The answer must give back every line of the data exactly, with no pictures.

(Dataset excerpt)

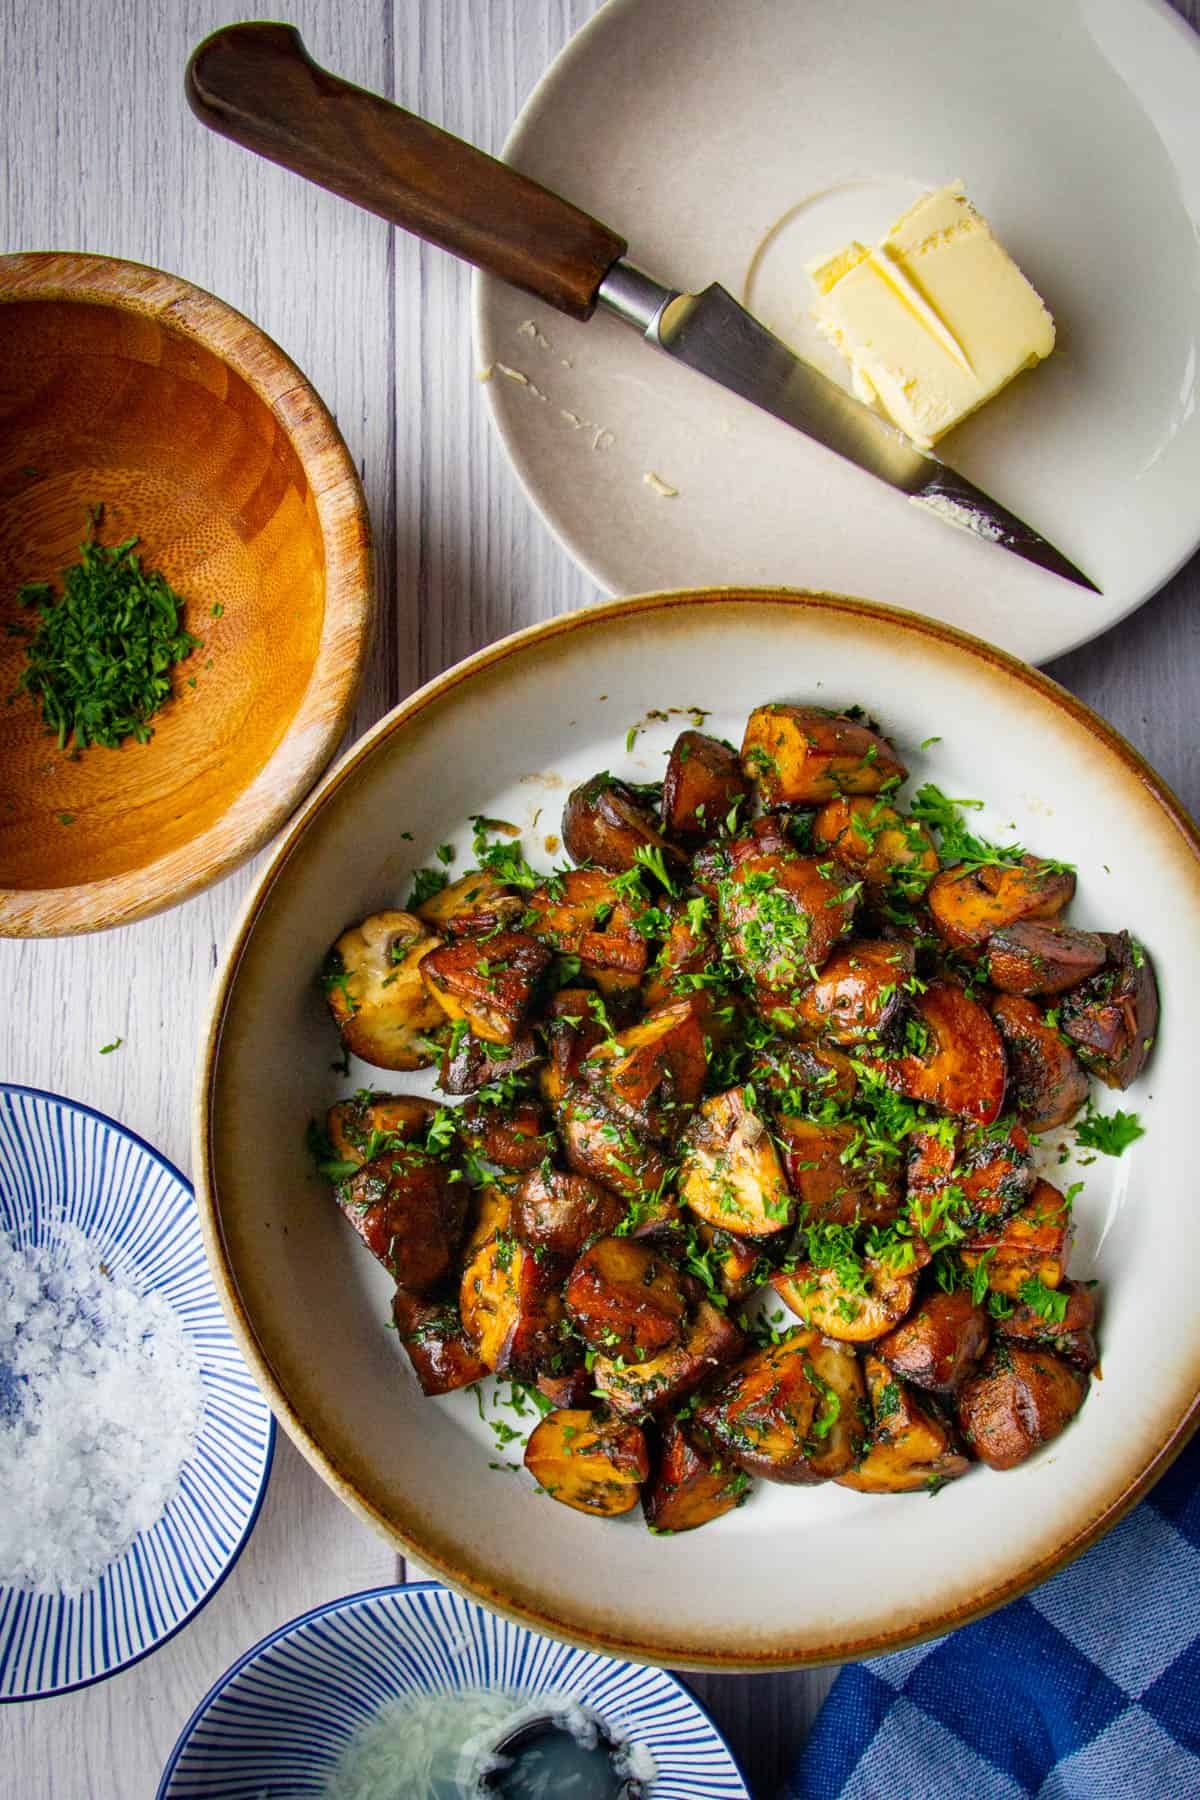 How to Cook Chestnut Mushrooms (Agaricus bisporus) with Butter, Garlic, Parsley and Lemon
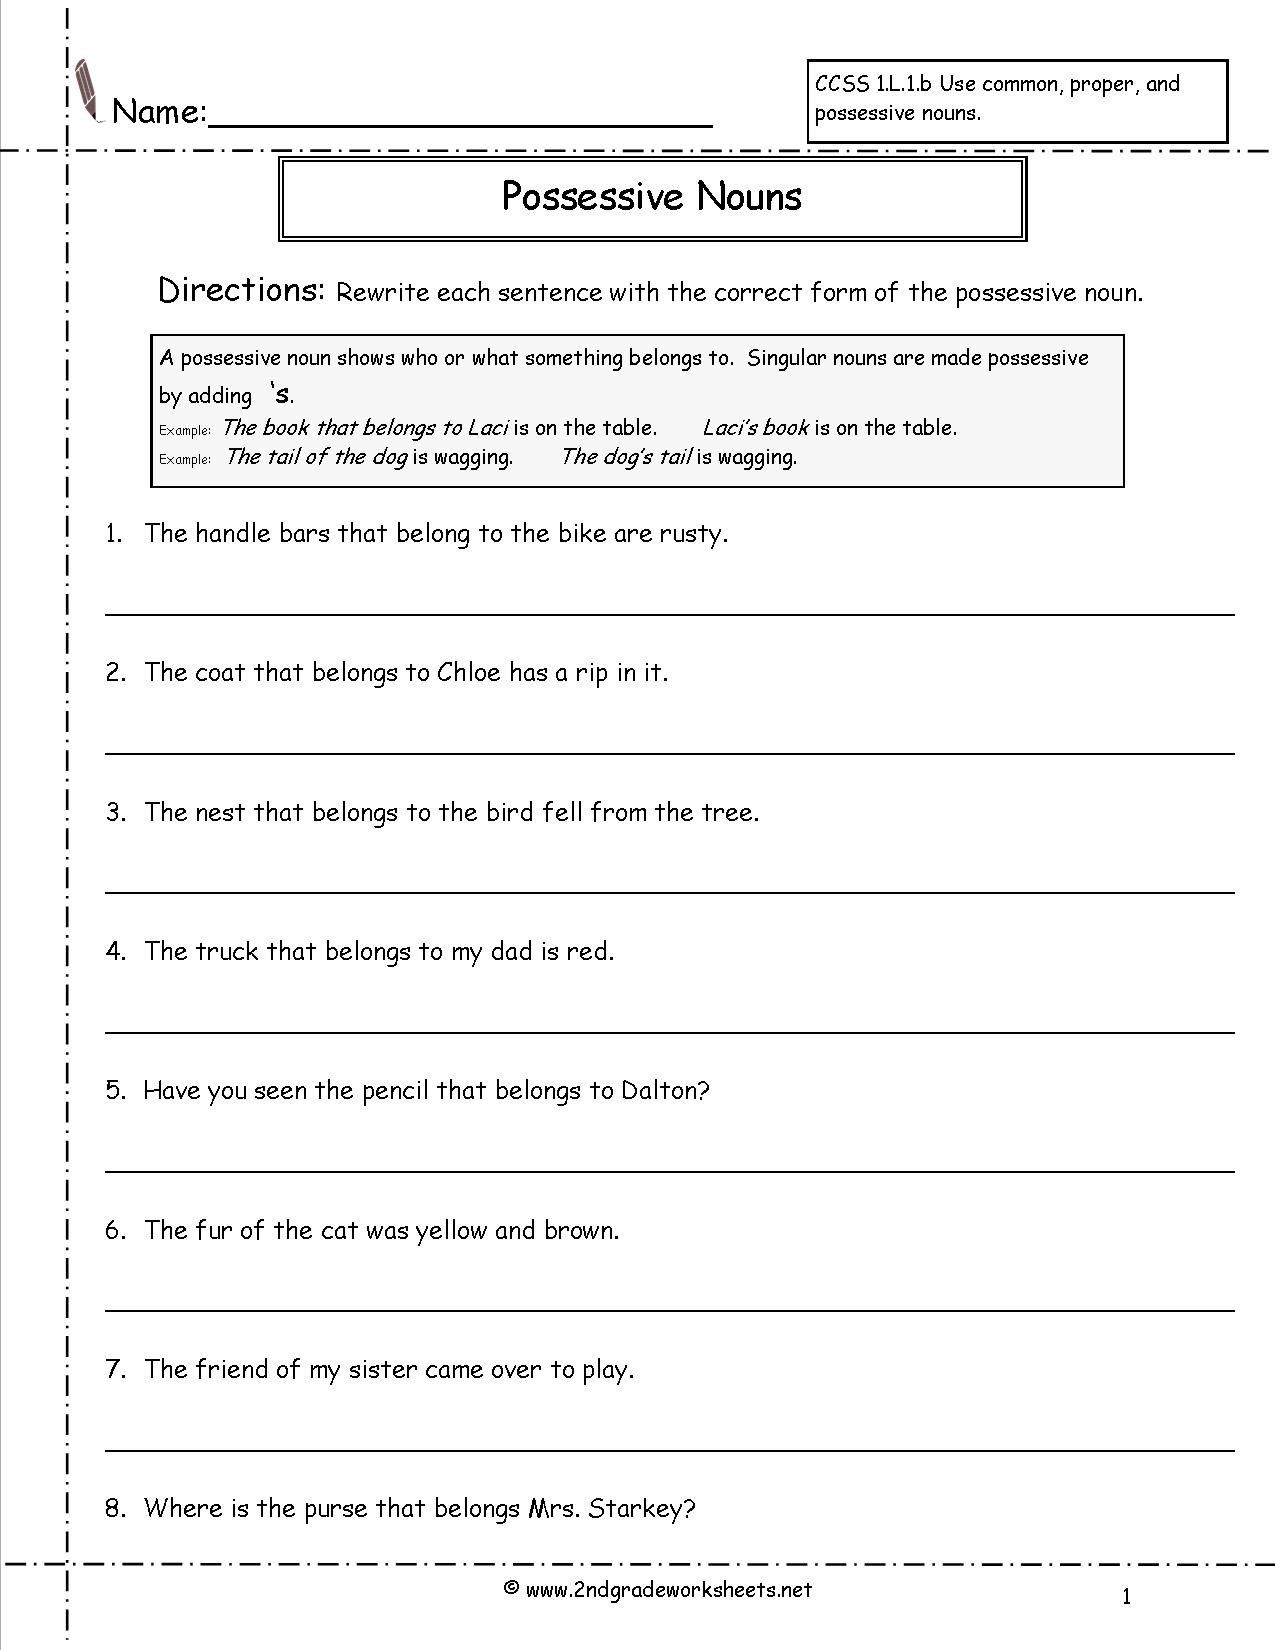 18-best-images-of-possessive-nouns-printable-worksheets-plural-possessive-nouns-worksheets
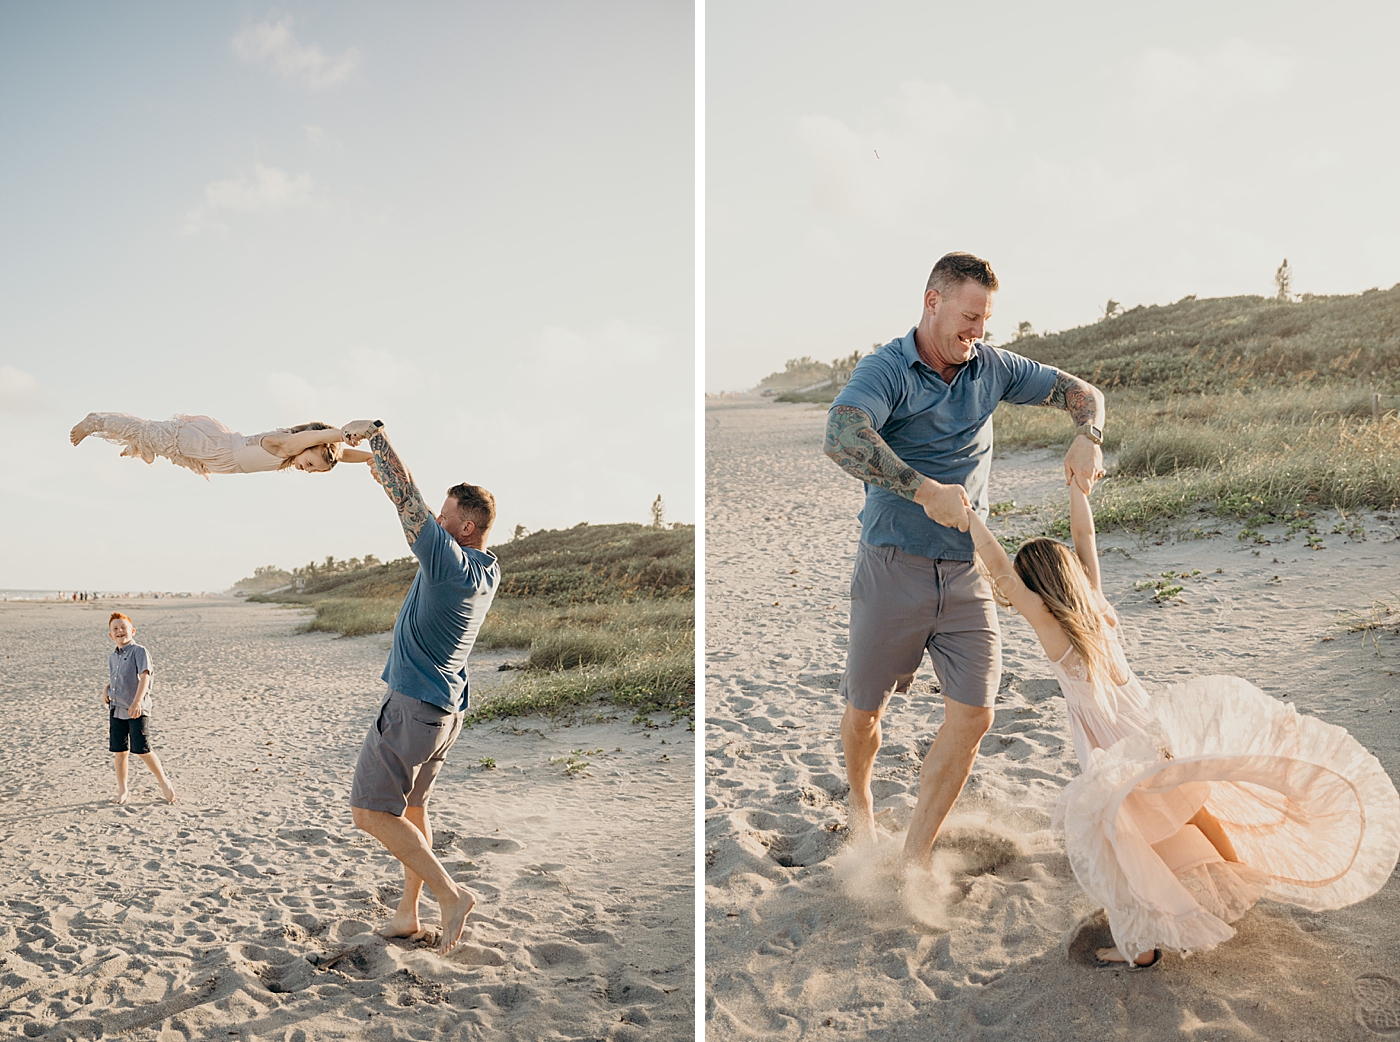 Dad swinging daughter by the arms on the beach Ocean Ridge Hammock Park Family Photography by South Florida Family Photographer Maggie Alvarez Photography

(End Dataset excerpt)

* _Reply to the task_
 How to Cook Chestnut Mushrooms (Agaricus bisporus) with Butter, Garlic, Parsley and Lemon
 18-best-images-of-possessive-nouns-printable-worksheets-plural-possessive-nouns-worksheets
 Dad swinging daughter by the arms on the beach Ocean Ridge Hammock Park Family Photography by South Florida Family Photographer Maggie Alvarez Photography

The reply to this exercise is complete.